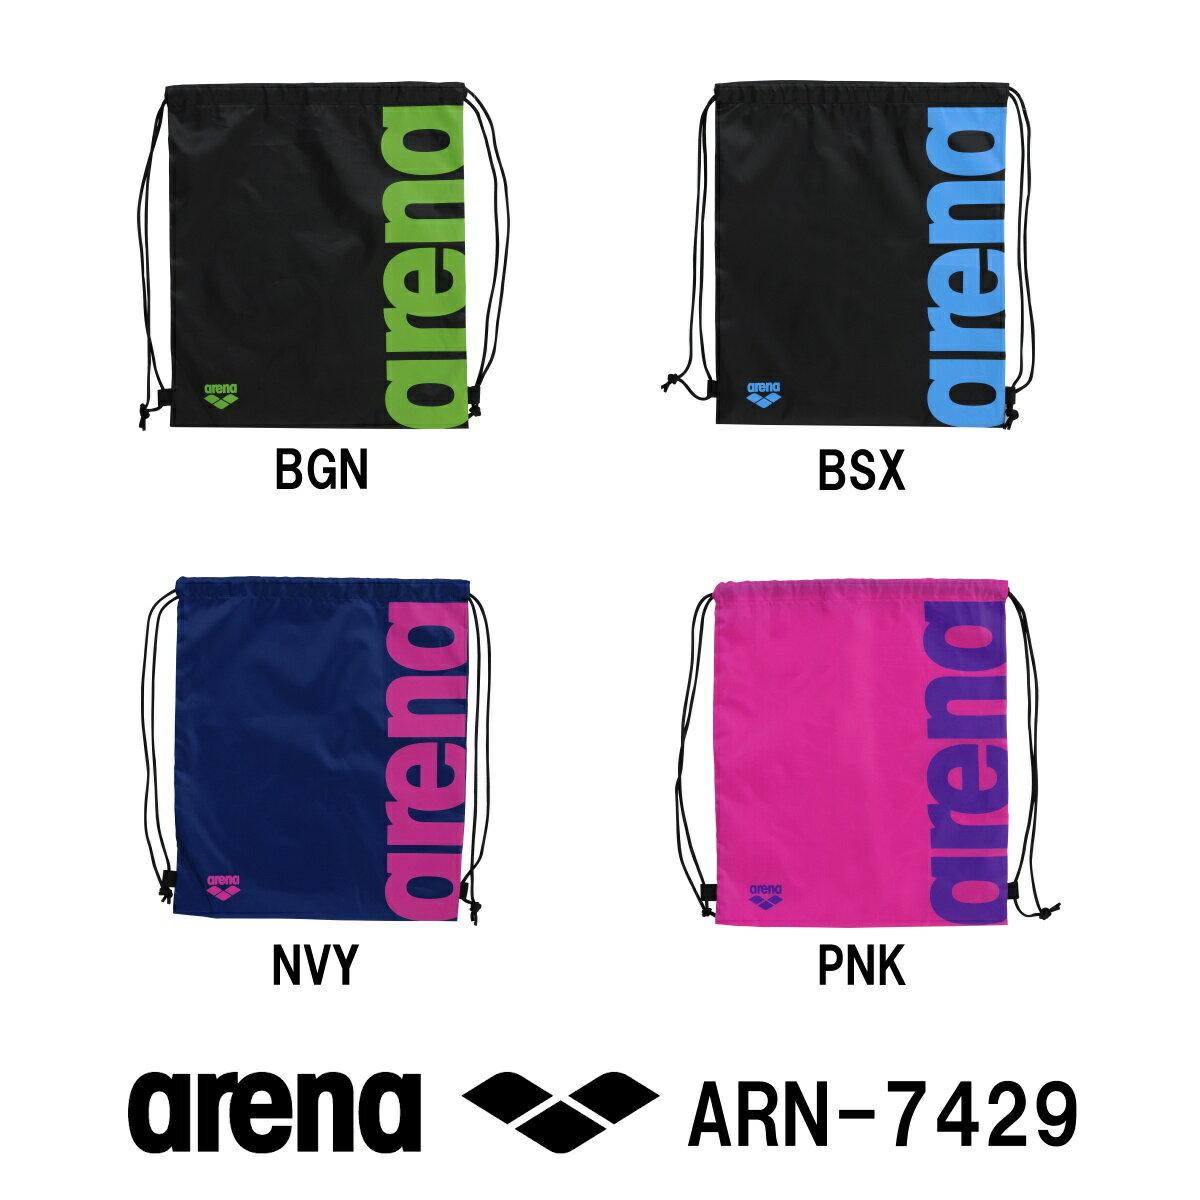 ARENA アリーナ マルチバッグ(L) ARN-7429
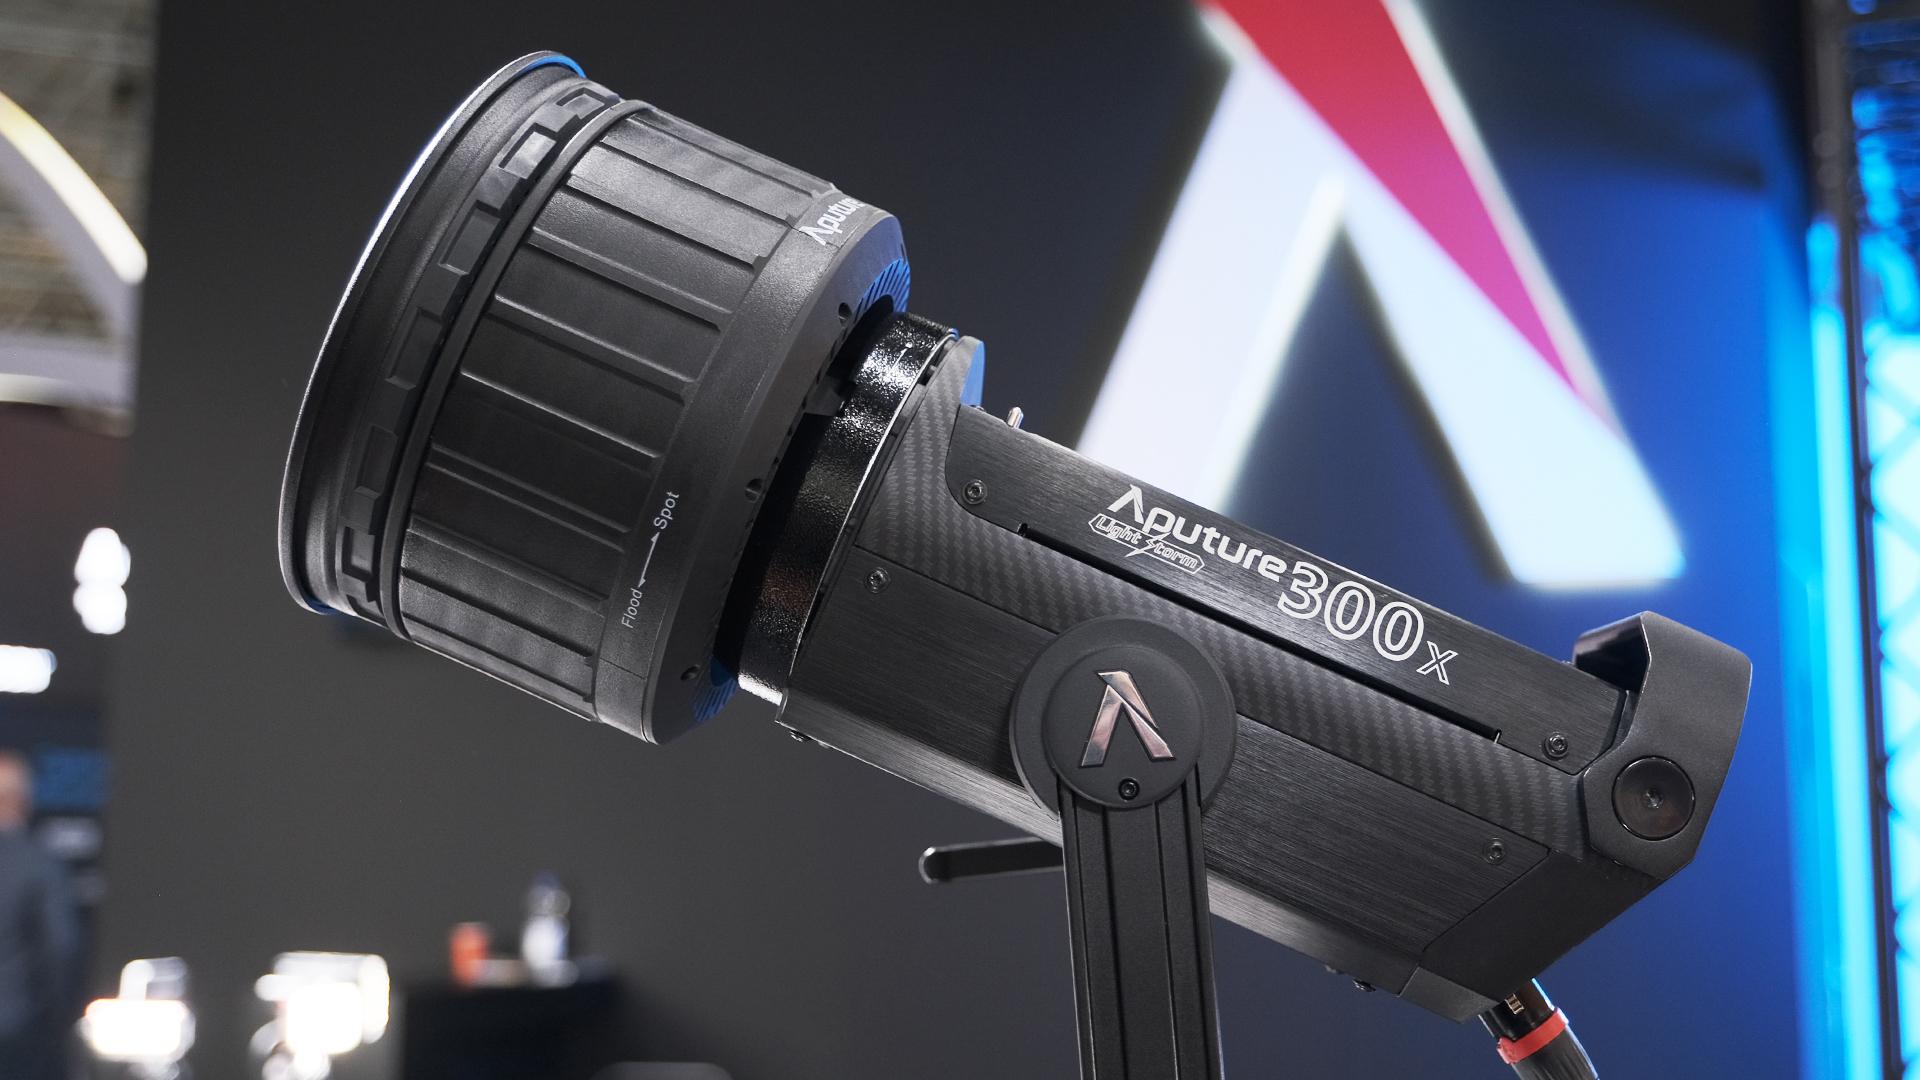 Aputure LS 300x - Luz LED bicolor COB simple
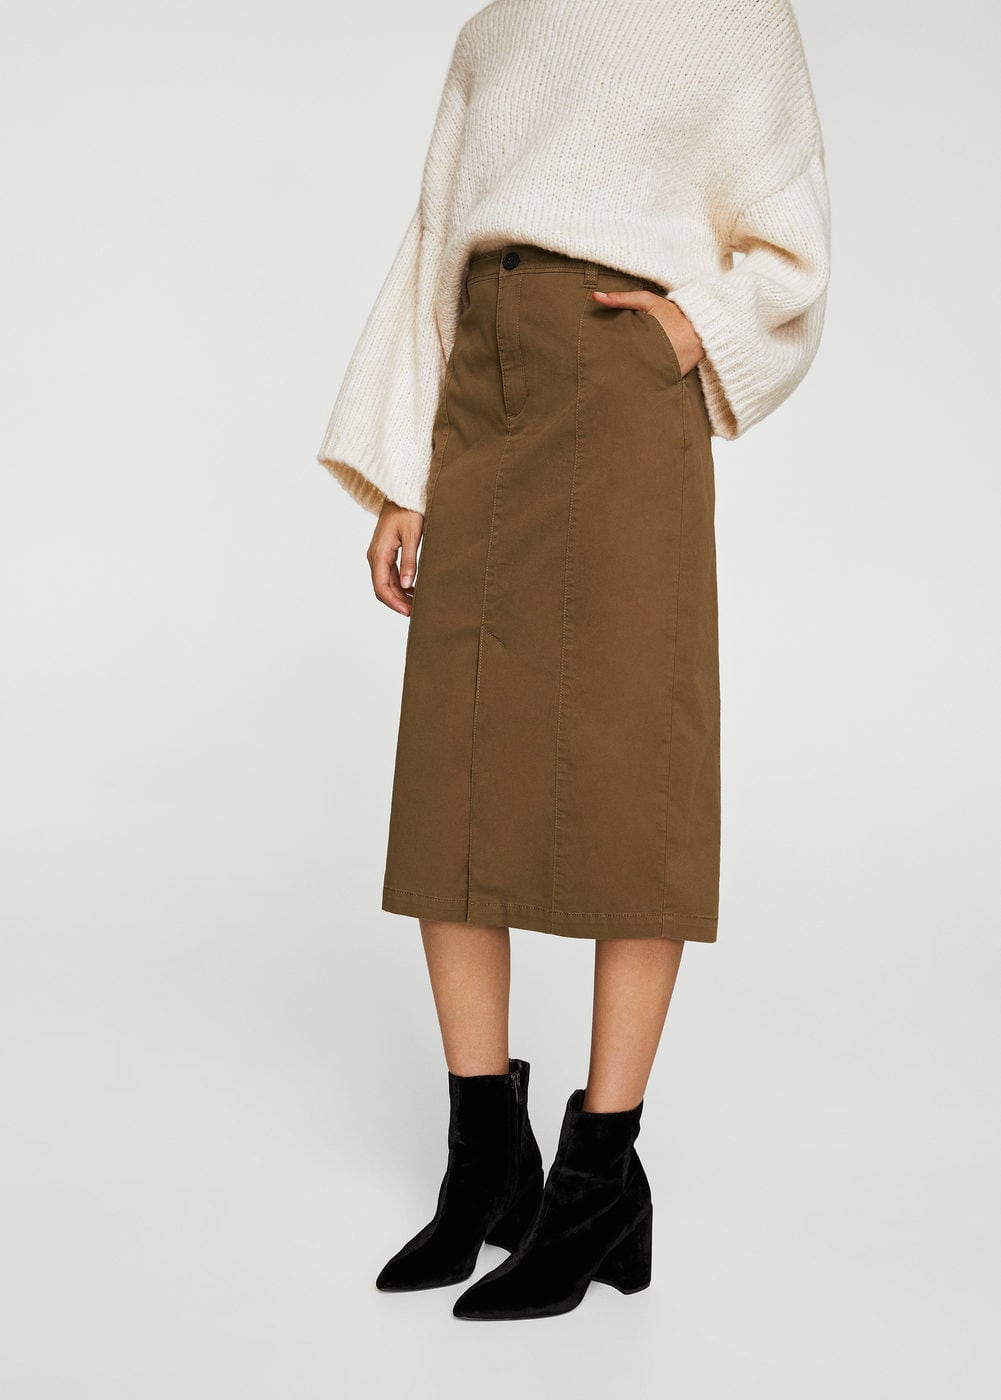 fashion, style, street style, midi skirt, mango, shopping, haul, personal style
══════════
*About this task*
The whole listing must come back verbatim, with no pictures included.

*Solution to this exercise*
 ARENA アリーナ マルチバッグ(L) ARN-7429
 Aputure LS 300x - Luz LED bicolor COB simple
 fashion, style, street style, midi skirt, mango, shopping, haul, personal style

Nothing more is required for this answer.